Холмс откинулся на спинку стула, сложил кончики пальцев и улыбнулся.
— Если рассуждать логически, дорогой друг, то после ранения вы сильно похудели, а значит, сейчас вы в прежней форме и мундир должен сидеть на вас идеально.
— Возможно, — усмехнулся я.
Мы закончили завтрак, и я поднялся к себе. Мундир мой хранился в шкафу, завёрнутым в папиросную бумагу. Когда-то он побывал в чистке, но я всё равно решил, что не помешает его вновь немного освежить, если услуги портного мне не понадобятся. Оставалось только попытаться в него влезть. Надевал я его со смешанным чувством. Сразу нахлынули воспоминания — и далеко не самые приятные. И всё же я оглядел себя в зеркале не без самодовольства. Мундир сидел отлично — Холмс оказался прав. Ну, разве что совсем немного перешить пуговицы, самую малость — с этим я мог справиться и сам.
Придирчиво рассмотрев себя в зеркале, я повернулся к нему спиной и застыл. Взгляд, которым прожигал меня Холмс, заглядывая в приоткрытую дверь, заставил меня вдруг покрыться мурашками.
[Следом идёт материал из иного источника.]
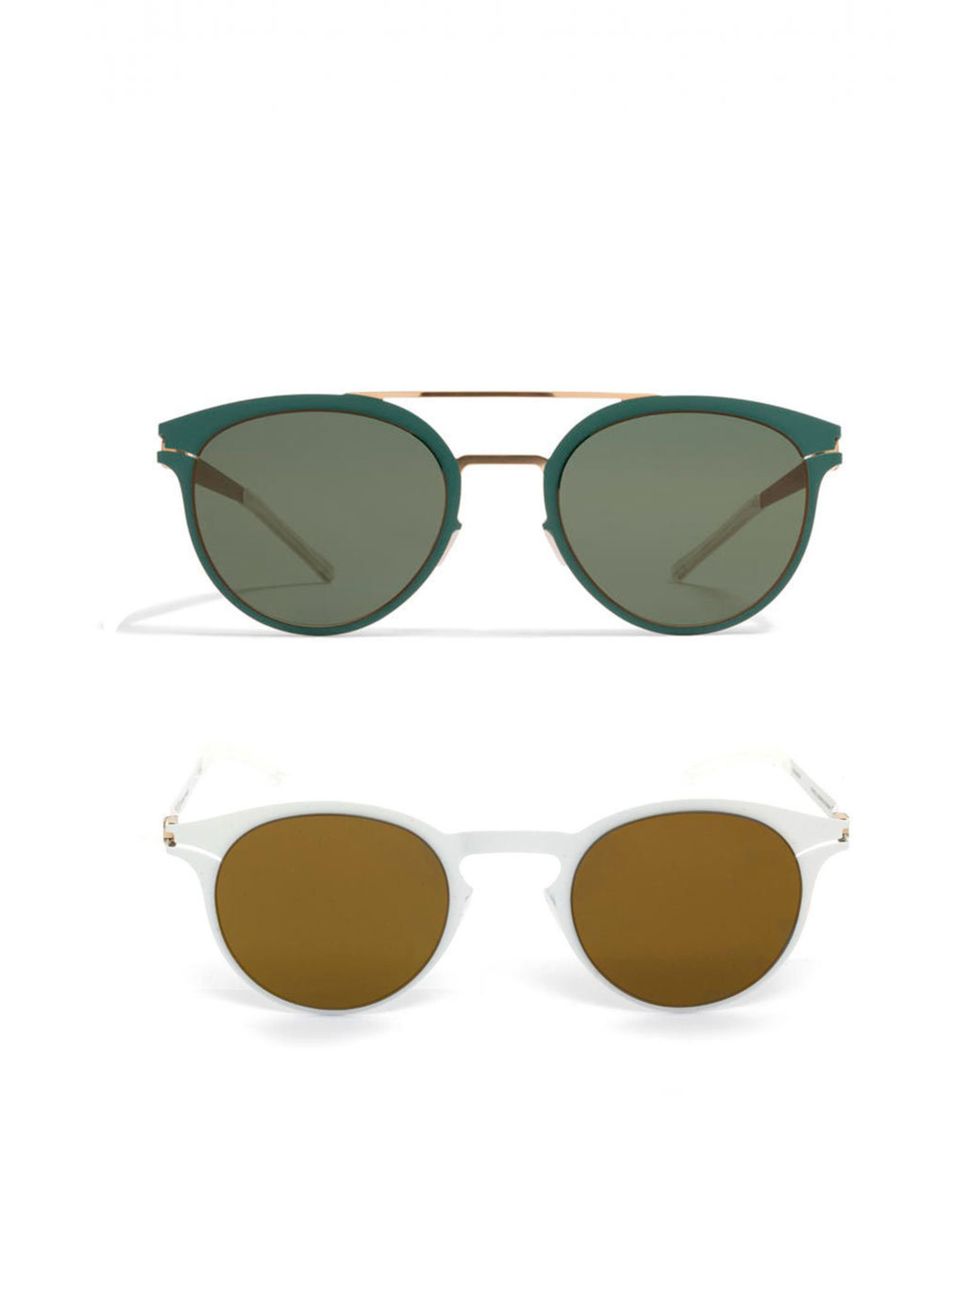 <p><a href="https://mykita.com/en/sun">Mykita</a></p><p>The sixties shapes of these make them the perfect choice for anyone looking for a bit of retro charm. They tick the mirrored-lense trend box too.</p>

Когда Холмс волновался, по его взгляду порой можно было решить, что он чём-то недоволен или даже гневается. Я совершенно растерялся, пытаясь понять, что, собственно, его так могло взволновать или рассердить.
— Это так ужасно выглядит? — спросил я наудачу.
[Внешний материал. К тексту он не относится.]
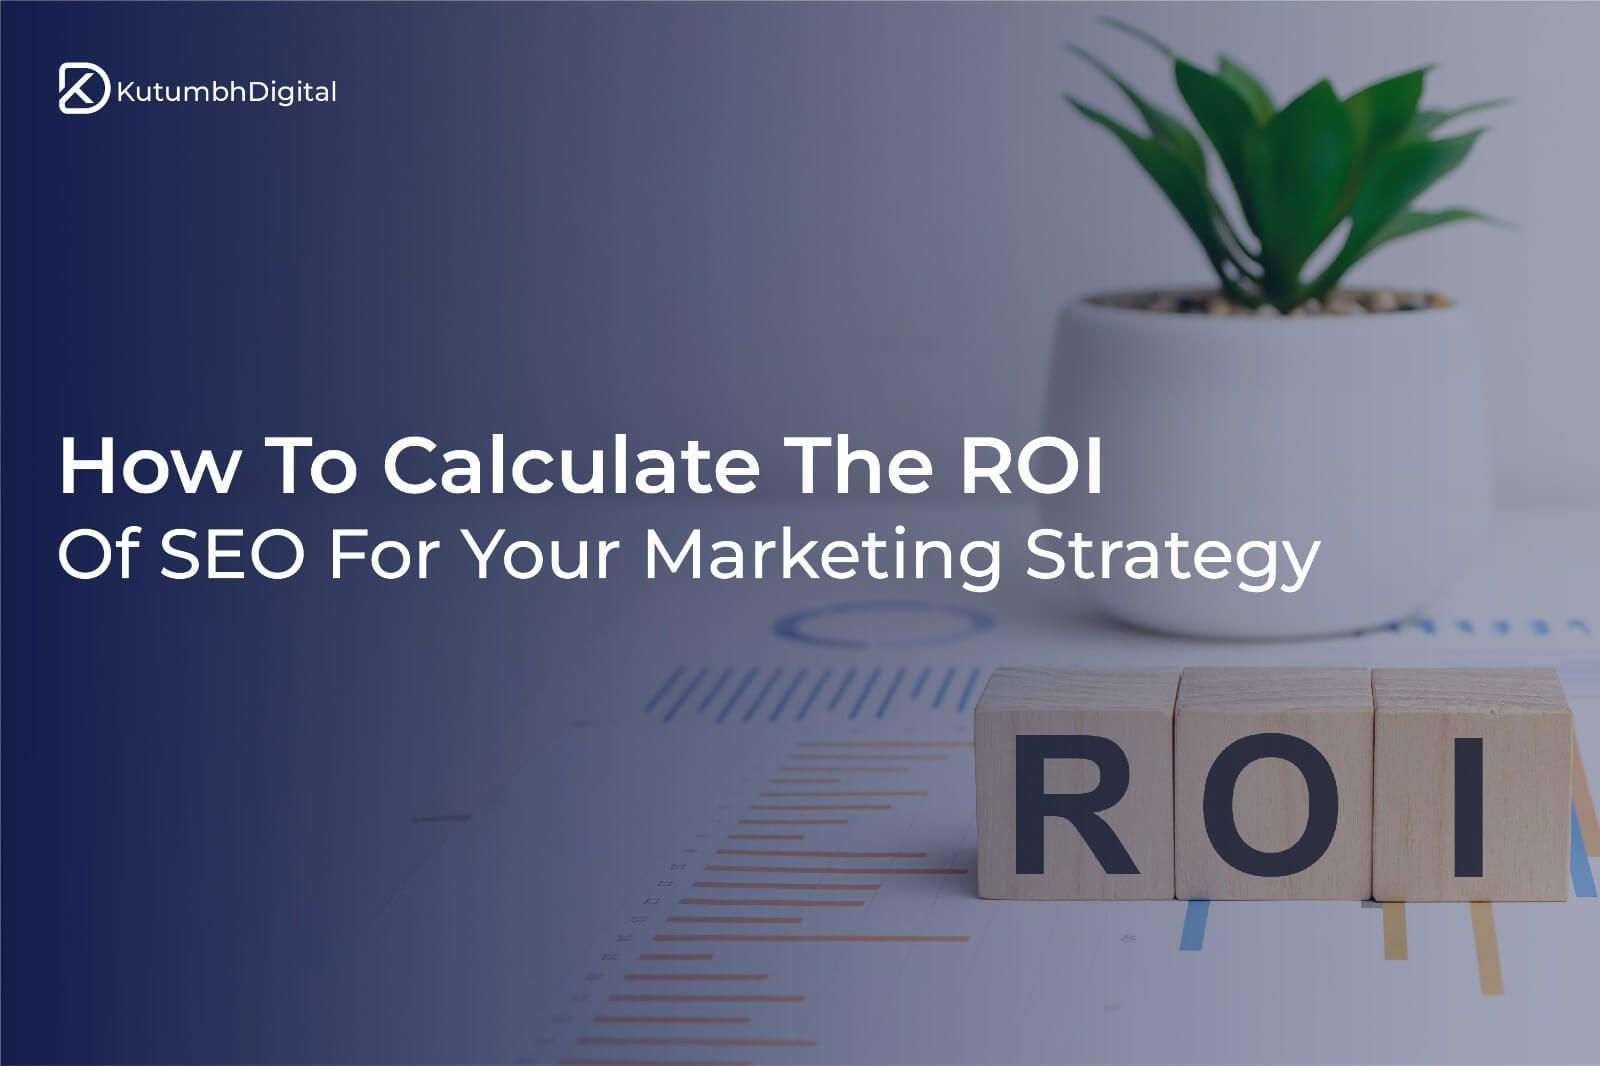 How to Calculate the ROI of SEO for Your Marketing Strategy?

— Напротив, — ответил он, закрыл дверь, и я услышал, как он быстро сбегает по лестнице.
Я выскочил в коридор и услышал, как внизу хлопнула дверь его спальни. При всей абсурдности ситуации, я бы не решился вламываться к Холмсу в комнату, но, влетев в гостиную, я увидел, что ящик письменного стола приоткрыт, и тут уж не мог оставаться в стороне. Вот только на днях он еле отошёл от очередного приступа хандры, сопровождавшегося кокаиновыми возлияниями, и по какой-то нелепой причине, кажется, вздумал опять взяться за своё?
Наверное, цвет моего лица мало уступал цвету мундира, когда я влетел в спальню Холмса и, увидев, что он держит руки в карманах халата, ринулся к нему, требуя объяснений.
— Что вы творите? Может, вы объясните мне, что случилось? И что у вас в карманах? Что вы прячете?
Обычно такая наглость мне не свойственна. Не иначе, как военная форма прибавила силы духа.
— Ничего, — ответил Холмс, и его скулы почему-то окрасились румянцем.
— Правда? — съязвил я, подходя к нему вплотную.
— Уотсон, пожалуйста, оставьте меня одного ненадолго, — пробормотал Холмс.
Моё предположение, что в карманах у него изобличающие улики, переросло в уверенность. Его смущение и даже, как ни странно это звучит применительно к моему другу, испуг вдруг сделали его в моих глазах странно уязвимым. Обычно уязвим бывал я — недостаточно умён, недостаточно дальновиден, временами скучен, не бог весть какой сентиментальный писака, поставляющий на потребу публике «романтические рассказики», вместо того, чтобы создавать трактаты, восхваляющие дедуктивный метод… Одним словом, я вспылил.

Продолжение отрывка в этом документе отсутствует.